- [Records to process]:
▶

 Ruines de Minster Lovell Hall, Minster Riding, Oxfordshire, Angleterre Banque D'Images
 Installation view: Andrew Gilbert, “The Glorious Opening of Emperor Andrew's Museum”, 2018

◀
▶

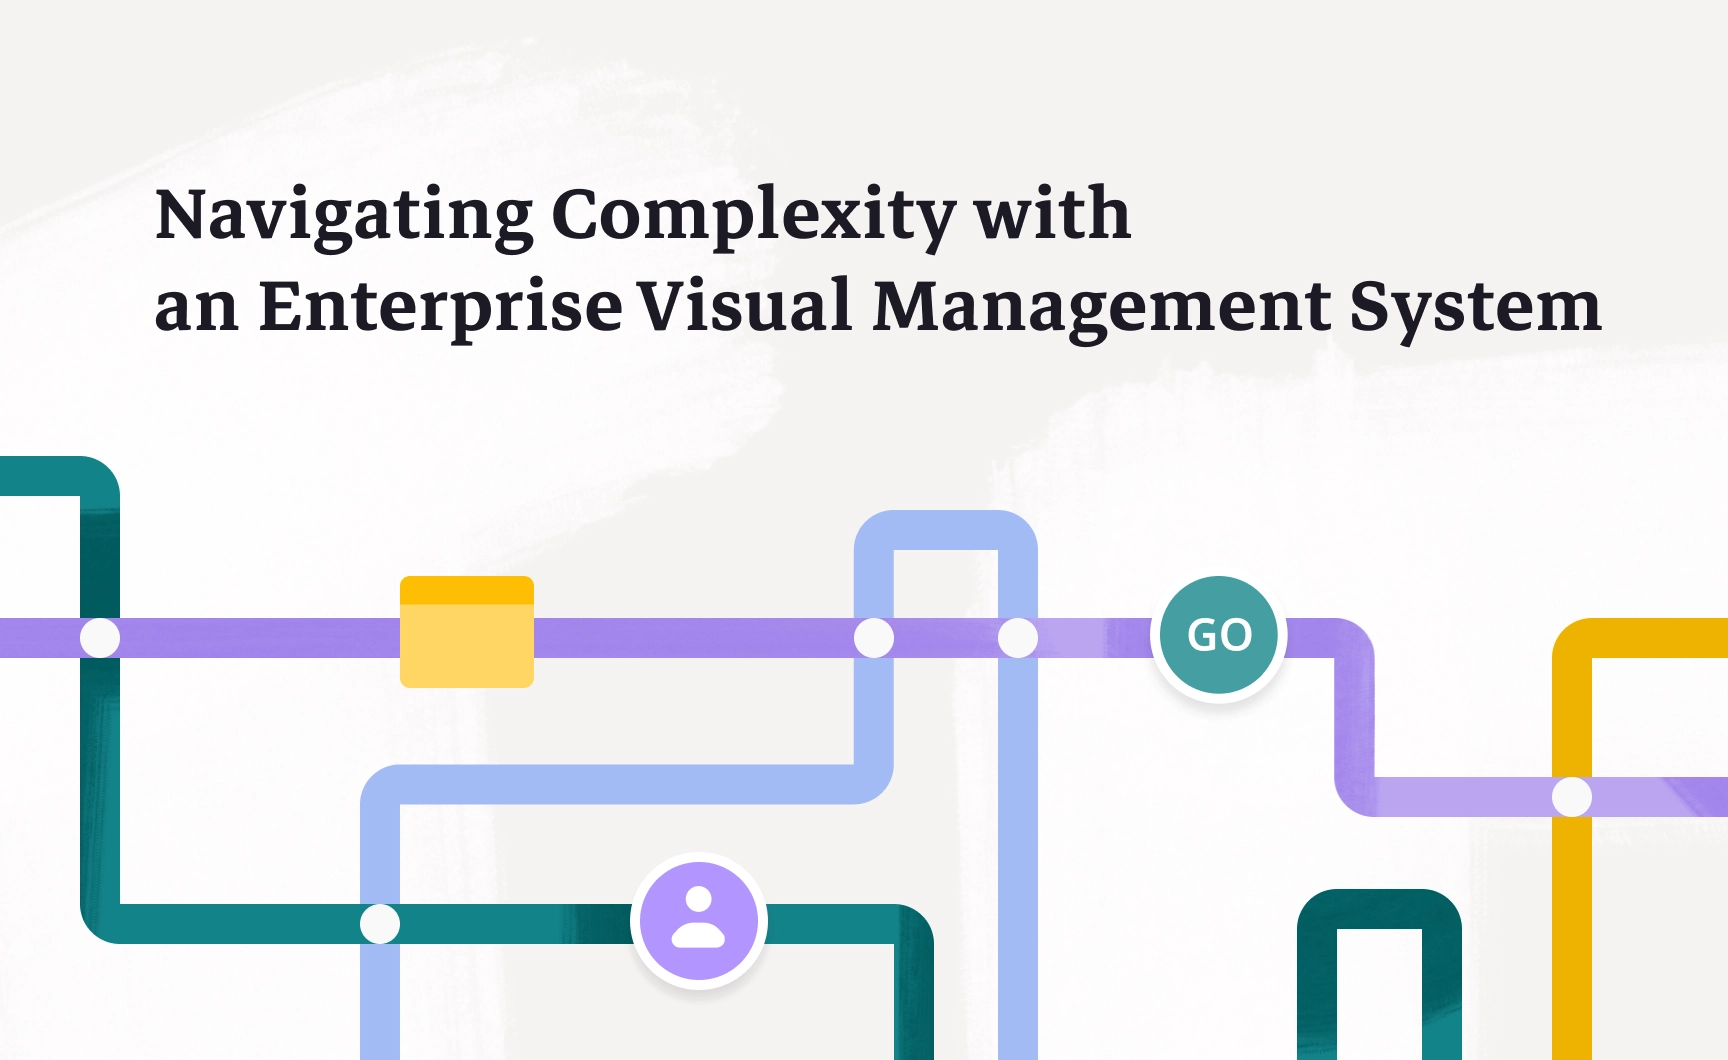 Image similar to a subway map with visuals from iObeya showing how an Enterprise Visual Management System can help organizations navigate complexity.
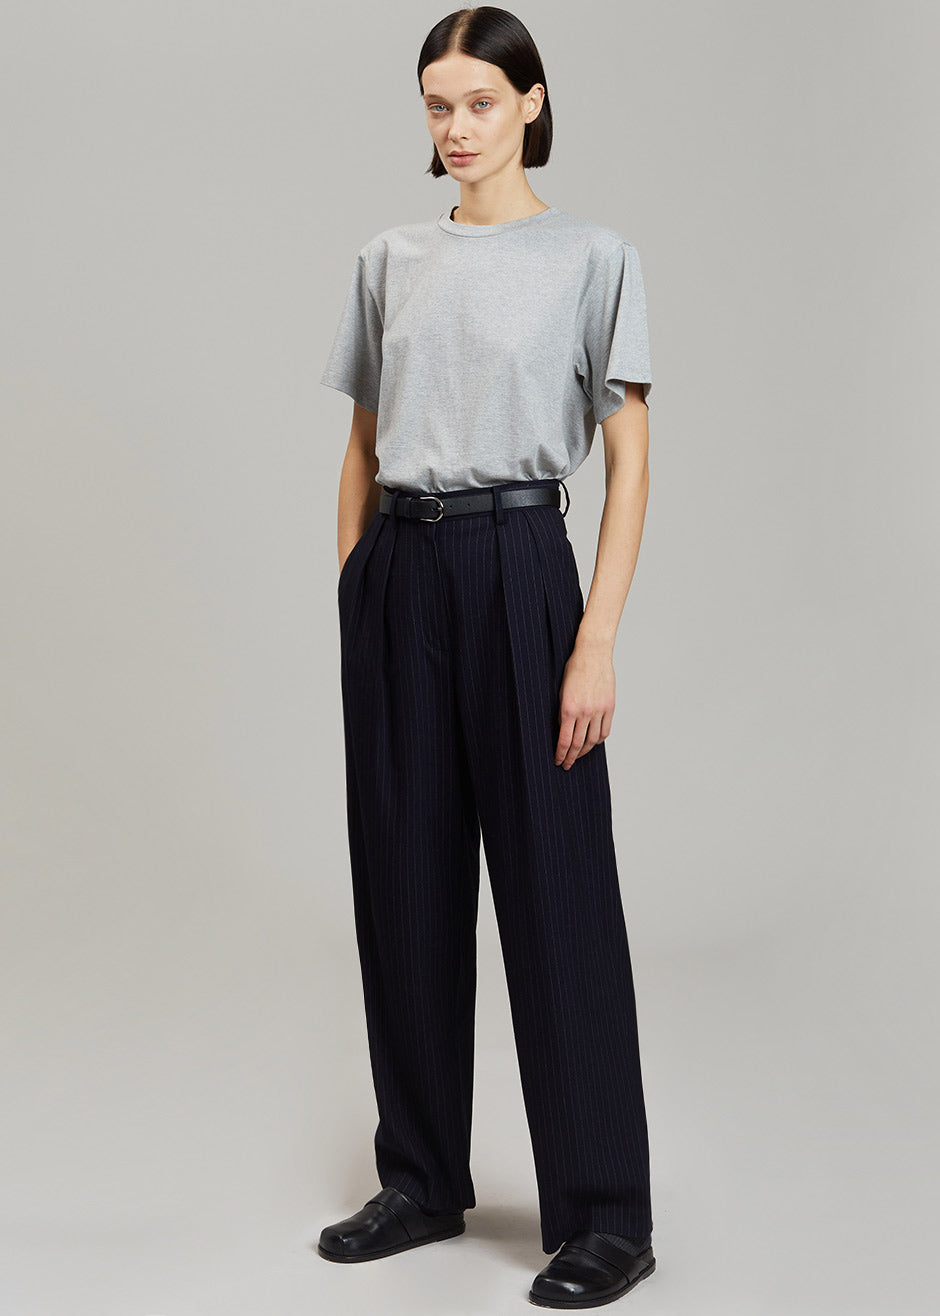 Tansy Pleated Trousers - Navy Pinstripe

◀

- [Assignment]: Please give an exact copy of the entries above, from the line with "Ruines de Minster" down to the line with "Installation view: Andrew", inclusive, and nothing else.

- [Response box]:
 Ruines de Minster Lovell Hall, Minster Riding, Oxfordshire, Angleterre Banque D'Images
 Installation view: Andrew Gilbert, “The Glorious Opening of Emperor Andrew's Museum”, 2018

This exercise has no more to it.